> [Task description] From the entries below, reproduce exactly the lines from the one with "Ein Taschenradio von" through the one with "материал уличные кафе парижа фото трассе", both included, without images.

> [Input for this task]
++++

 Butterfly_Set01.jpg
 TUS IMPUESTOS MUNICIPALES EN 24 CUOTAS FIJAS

++++

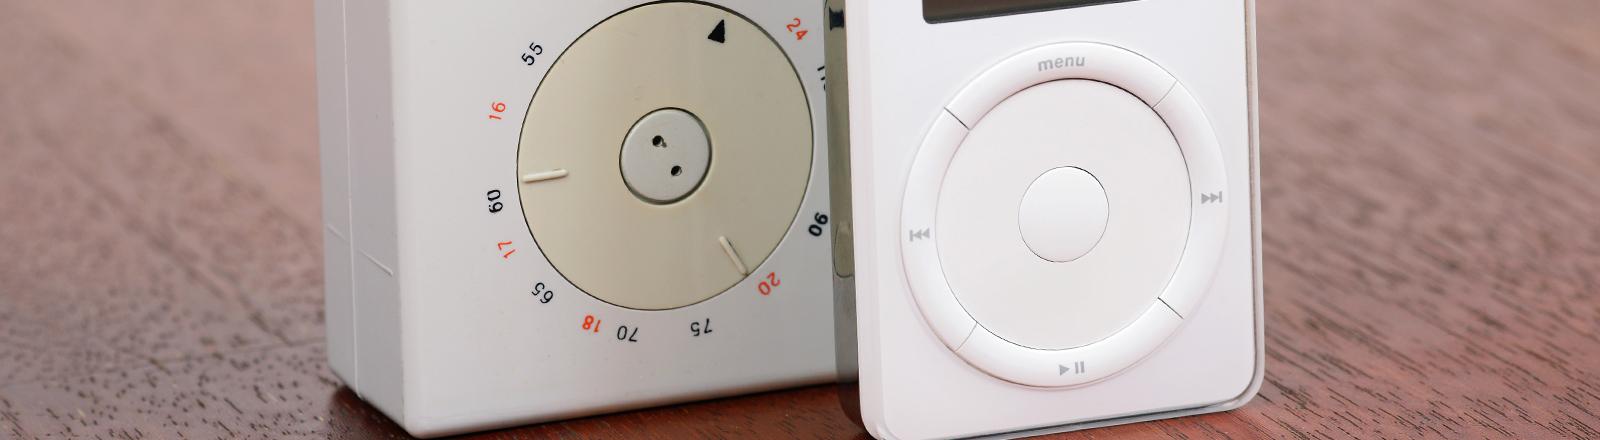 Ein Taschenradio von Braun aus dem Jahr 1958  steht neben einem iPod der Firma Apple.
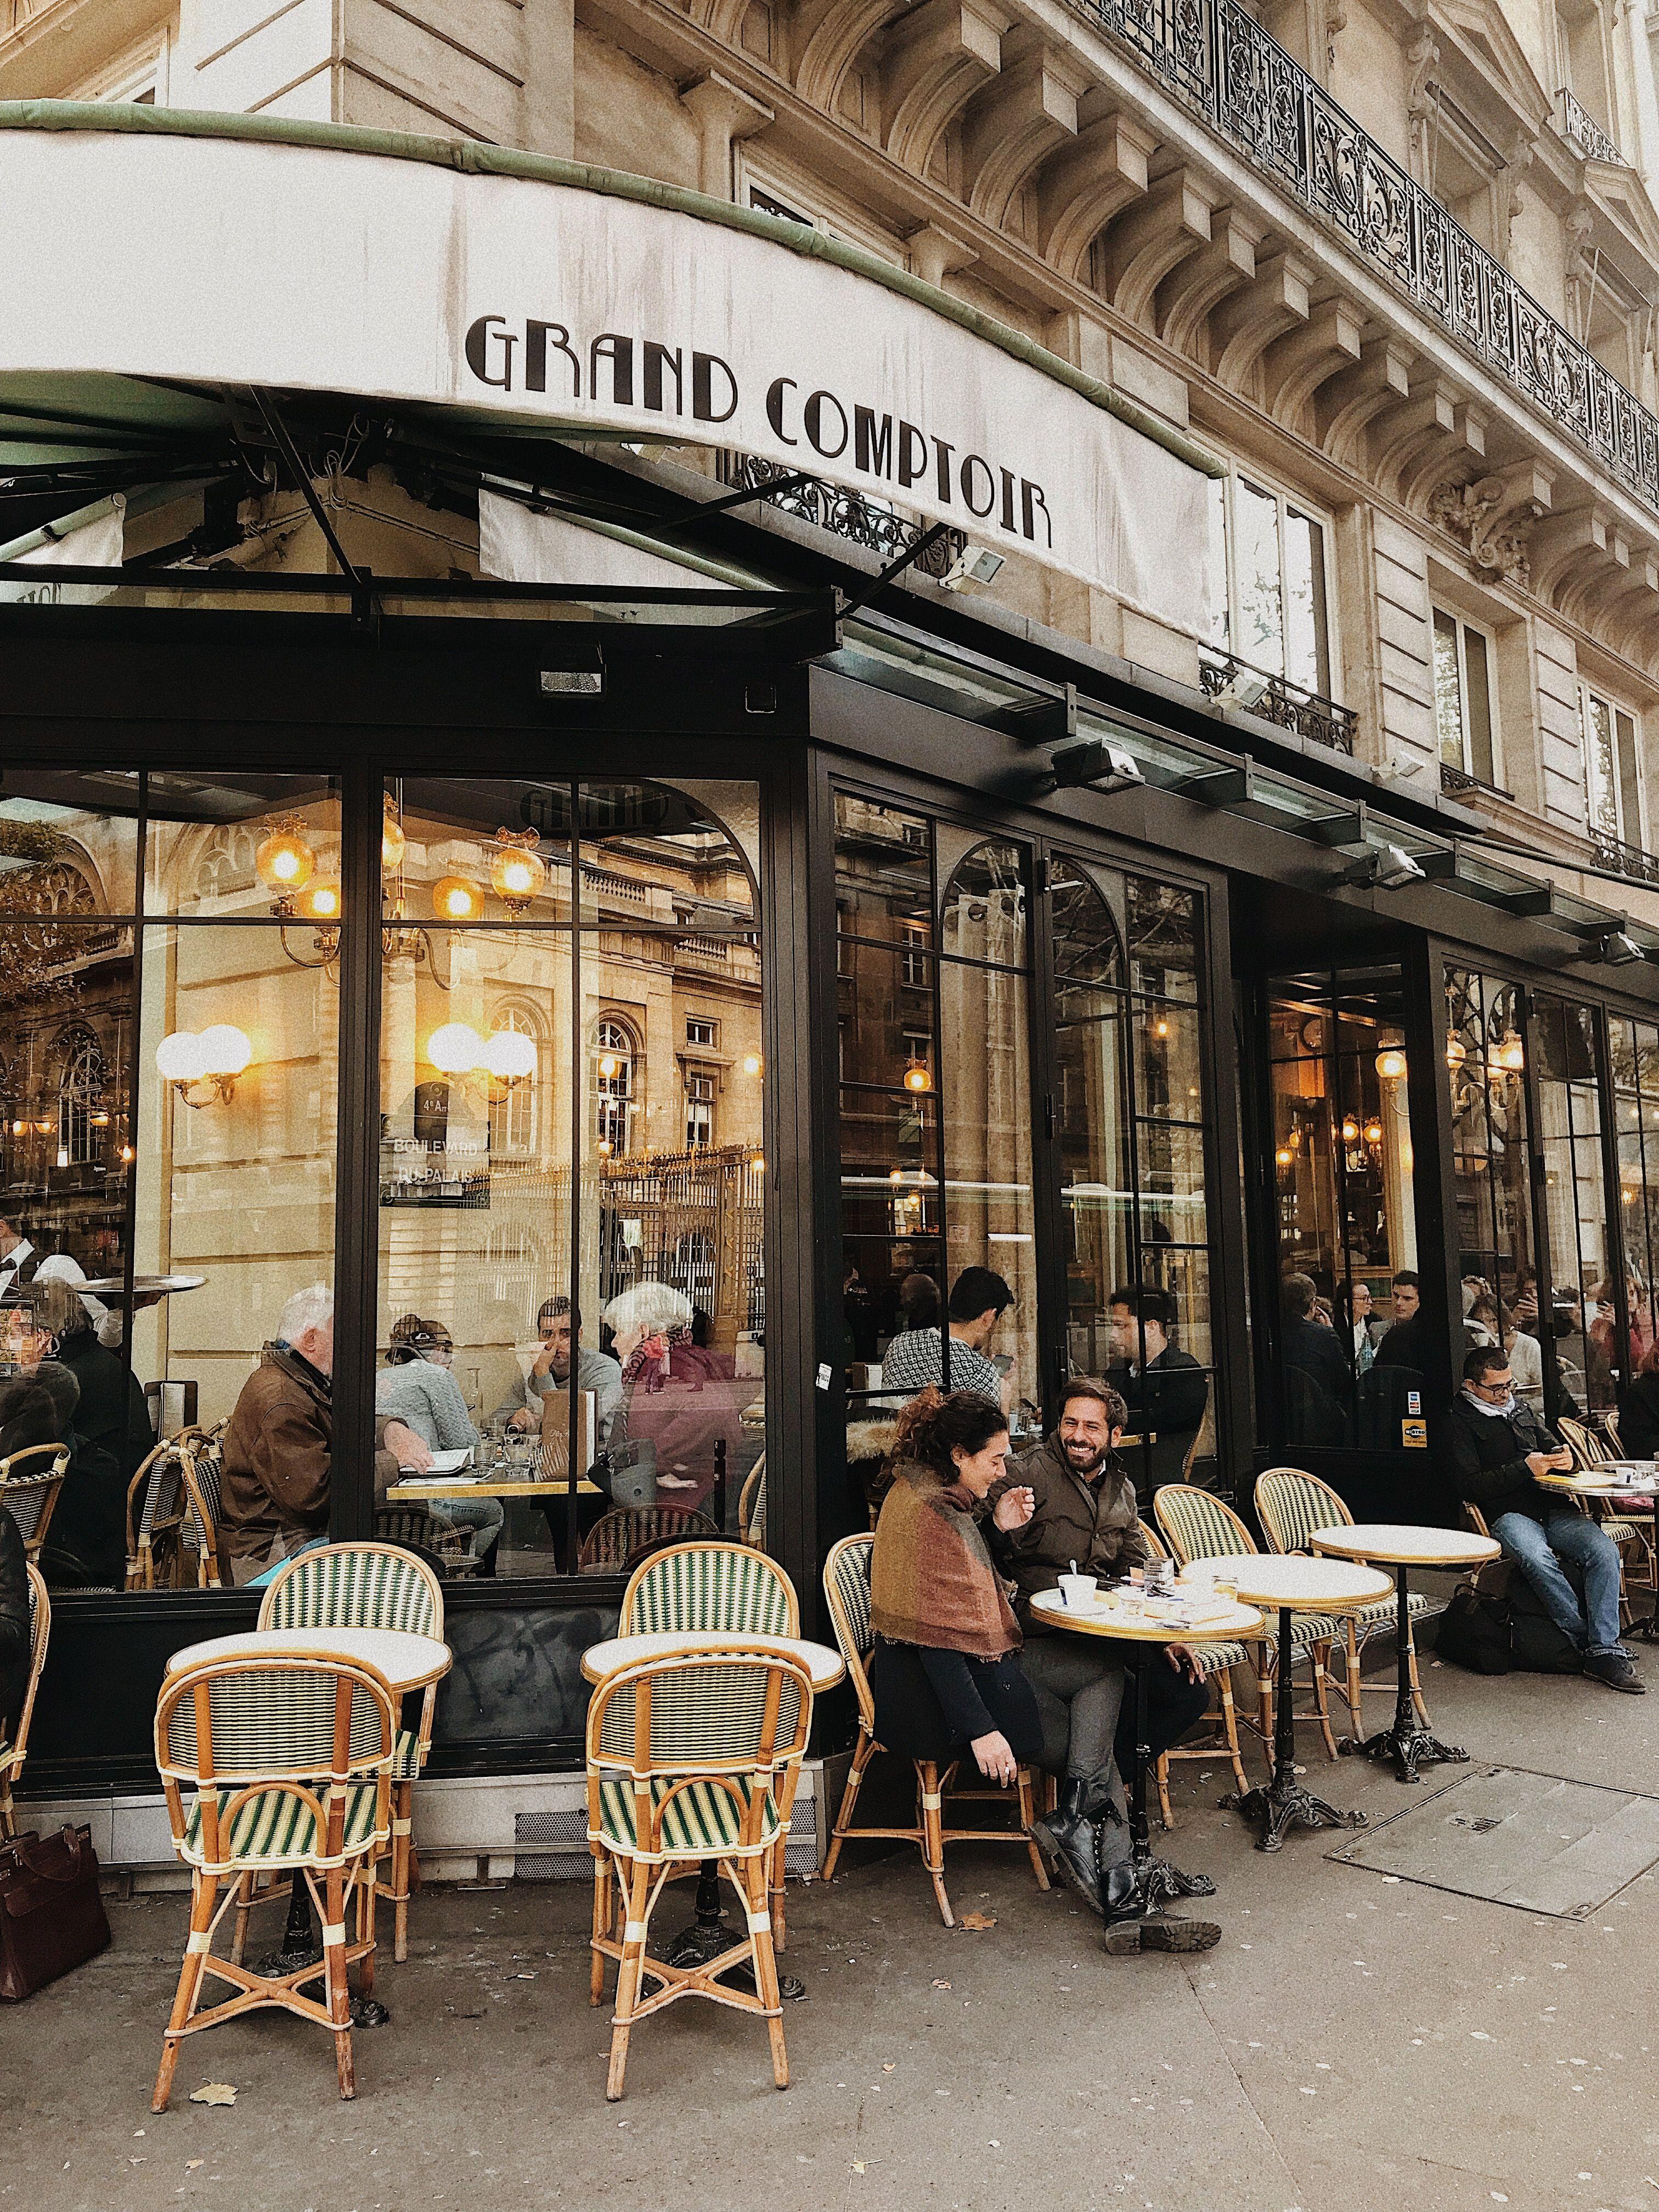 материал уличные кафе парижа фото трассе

++++

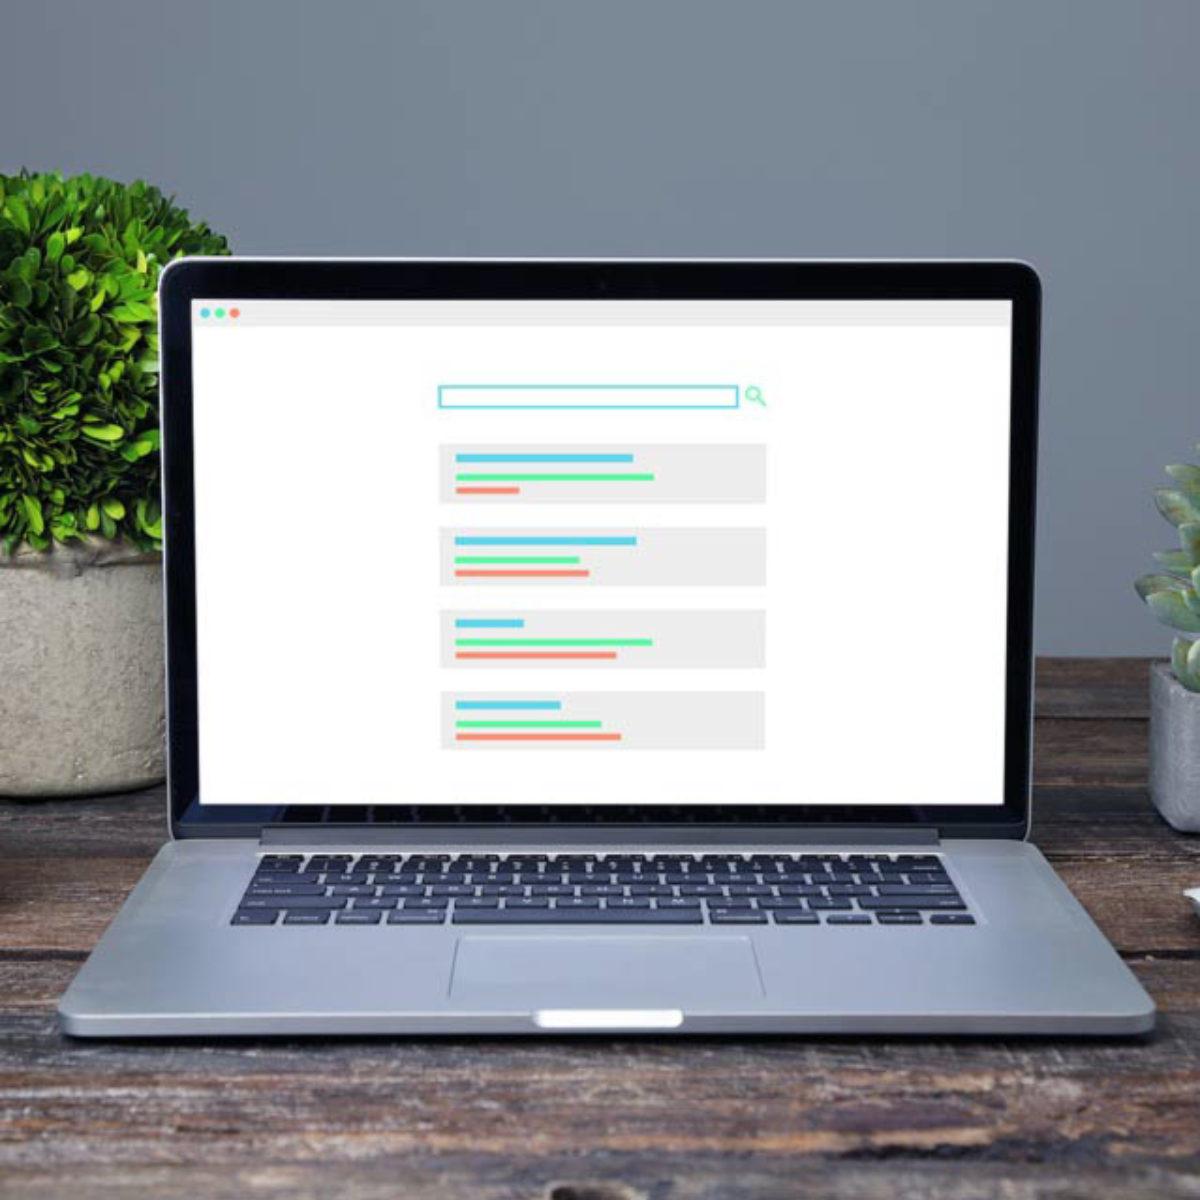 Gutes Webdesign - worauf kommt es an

++++

> [Written solution]
 Ein Taschenradio von Braun aus dem Jahr 1958  steht neben einem iPod der Firma Apple.
 материал уличные кафе парижа фото трассе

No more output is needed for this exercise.